由普乔尔将军率领的国军与查比埃尔·嘉杰尔所率领嘉杰尔边境伯领军共同展开的搜山狩猎,在士兵们的奋斗下进行的非常顺利。根据猎人的建议,已经布置了以可能是巨大群龙根据地的小山为核心,以盐之街道道路为半径终点的半圆包围圈,现在这个包围圈正在徐徐收拢。当然,事情没有表面说的那么简单,毕竟只要离开街道一步,士兵们就相当于踏入了人迹罕至之地。树木密集到甚至无法让人笔直走上十步,杂草长得足有人胸口那么高,树木间阻碍人前行的藤蔓比看上去更结实,无数昆虫露出毒刺躲在草丛里等着刺穿闯入者的皮肤。所以士兵们只好穿上长衫长裤加厚皮靴加军用手套这种热死人的套装,沉默着挥舞割草镰刀前进。不管怎么用言语修饰,嘉帕王国的气温都称得上是非常炎热,虽然目前酷暑期已过,但日间最高气温还是在三十度以上。在这样的天气里穿着全身只有额头部分的裸露在外的服装,连续数小时进行挥舞镰刀除草的工作,让即便是训练有素的职业士兵们也感到疲惫不堪。保持弯腰的姿势割草,是只有实际干过的人才能理解有多累人的重体力劳动。而且,割草期间出的汗水因为着装的缘故全都积累在了衣服内侧,只需要一个小时,吸收了大量汗水的衣物就比刚穿上时重了好几倍。被汗水染湿的皮肤更是让人痒的不行,士兵们偶尔会用没拿镰刀的手去挠痒 ,但隔着厚厚的军服和手套这么干根本无济于事。原本,为了能让这种单纯的作业顺利进行,有大家一起边唱歌边干活这样一个应对方法。唱歌不仅能让作业按一定节奏进行,还能让人多少忘掉一点单纯肉体劳动产生的痛苦。但是,很不巧的现在别说唱歌了,众人连大声说话都不被允许。因为这毕竟不是单纯的『割草』,而是『搜山狩猎』的一部分。这次要铲除的『目标』不是杂草而是群龙,如果现在众人一起高声合唱,群龙可能会以为有其他攻击性龙种生物来袭而逃之夭夭。结果,这些全身沾满了汗水泥浆草汁的士兵们,除了小声抱怨几句外再没有其他发散压力的手段了。

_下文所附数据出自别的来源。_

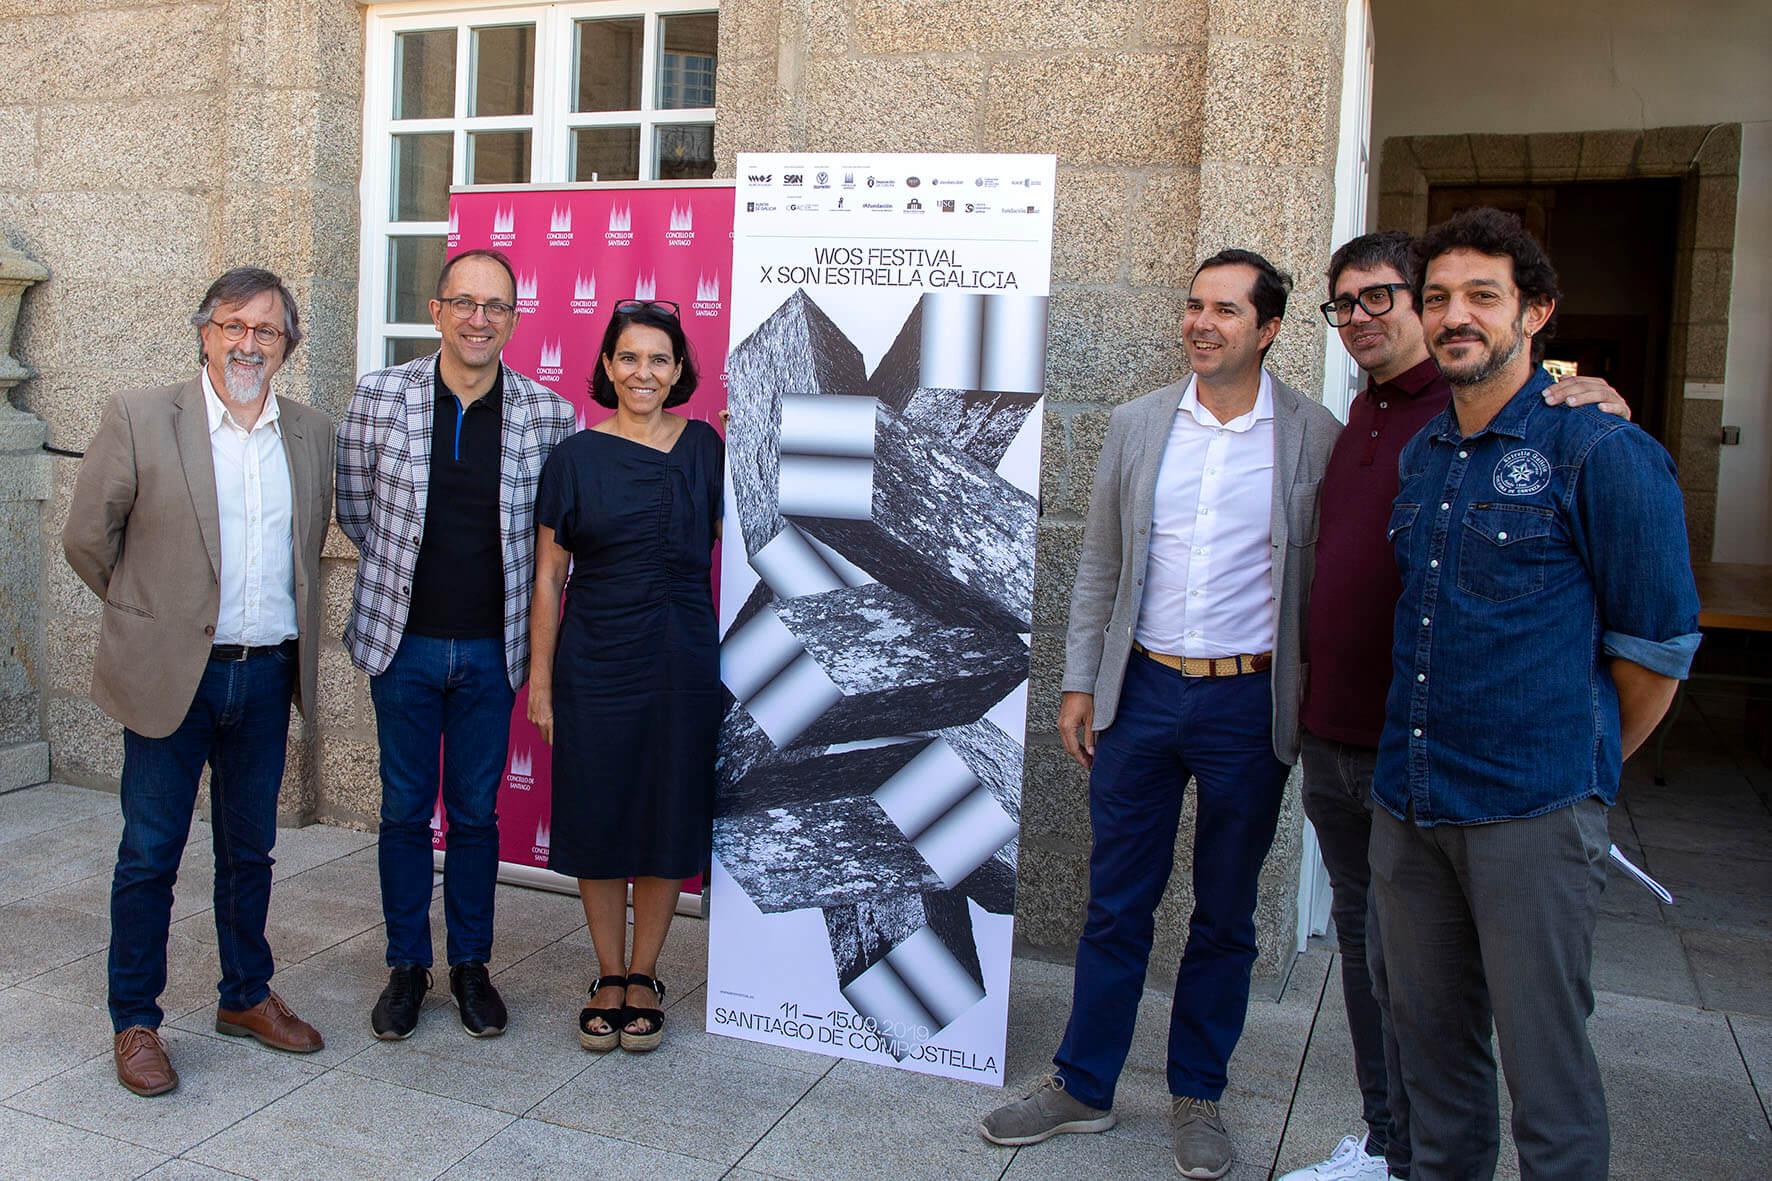 presentacion wos festival 2019 santiago compostela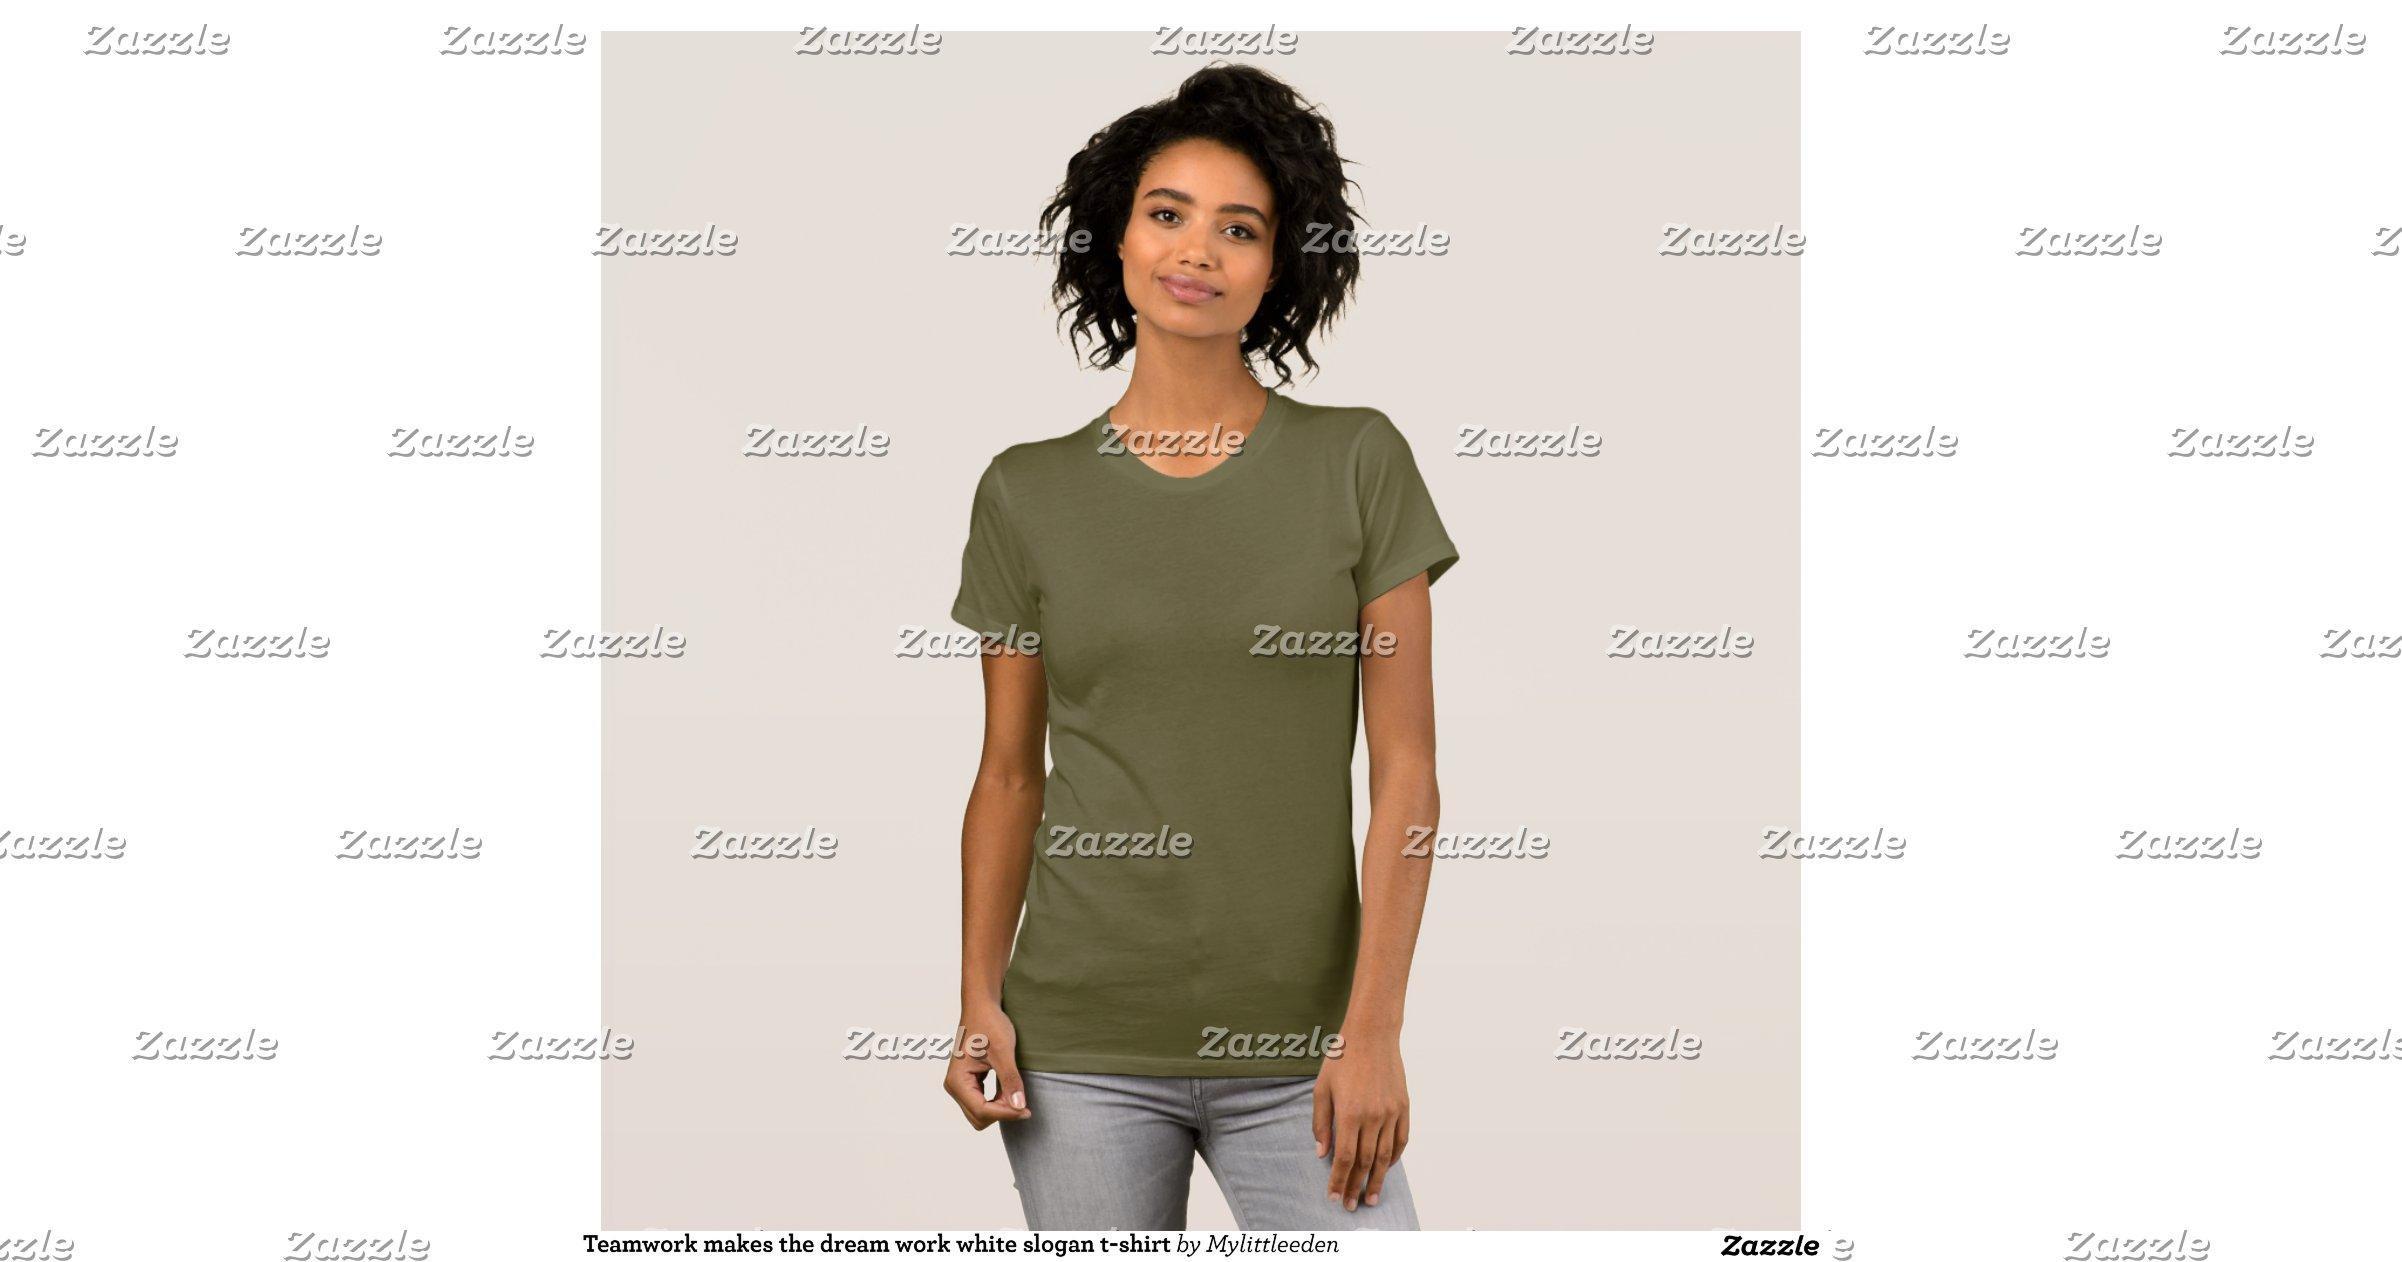 Teamwork makes the dream work white slogan t-shirt | Zazzle

就在这些士兵滚泥浆的努力终于得出果实,整个搜山狩猎进行到当初预计一半程度的时候。

「什么?你再给我说一次」

群龙讨伐军指挥官,普乔尔·基杰将军瞪着脸色发青的猎人这么说道。「噫……!」虽然普乔尔将军并没有什么恶意,可听到他这句话的人还是怕的不行。毕竟,普乔尔将军既是嘉帕王国国内无人不晓的大将军,又是国内数一数二贵族名门的现任当主,还是拥有将近二米身高一百多公斤体重的巨大身体且久经锻炼的战士。面对这样拥有【只要有心,随时都能杀掉自己】的权力与腕力的人,被瞪的人会发出悲鸣与其说是「胆小」,不如说是这样才符合一般人的反应。所幸,普乔尔将军并非那种看不透眼前猎人心思的迟钝男人。「呃……」眼前抖得像筛子一样的胡子猎人,让巨汉将军不悦得想皱眉。但领悟到自己如果真露出那样得表情只会让事态恶化的他,摆出一副无表情的样子,「查比埃尔卿,这个人是你的属下吧。那么就由你来和他聊,过后再向我报告就好」把问话的工作扔给了站在自己身后的年轻贵族。这在某种意义上,已经算是一种败北宣言了。普乔尔将军等于是在对别人说【我无论如何也没法让眼前这抖个不停的胡子男猎人冷静下来】。这也难怪,就好比不管狮子脸上露出多么友好的笑容或是做出舔脸之类的亲密表示,鹿和兔子也没法对狮子解除警戒一样。「是,我知道了」最近作为普乔尔将军部下已经有模有样的查比埃尔·嘉杰尔,用悦耳的响亮声音接下了将军的命令。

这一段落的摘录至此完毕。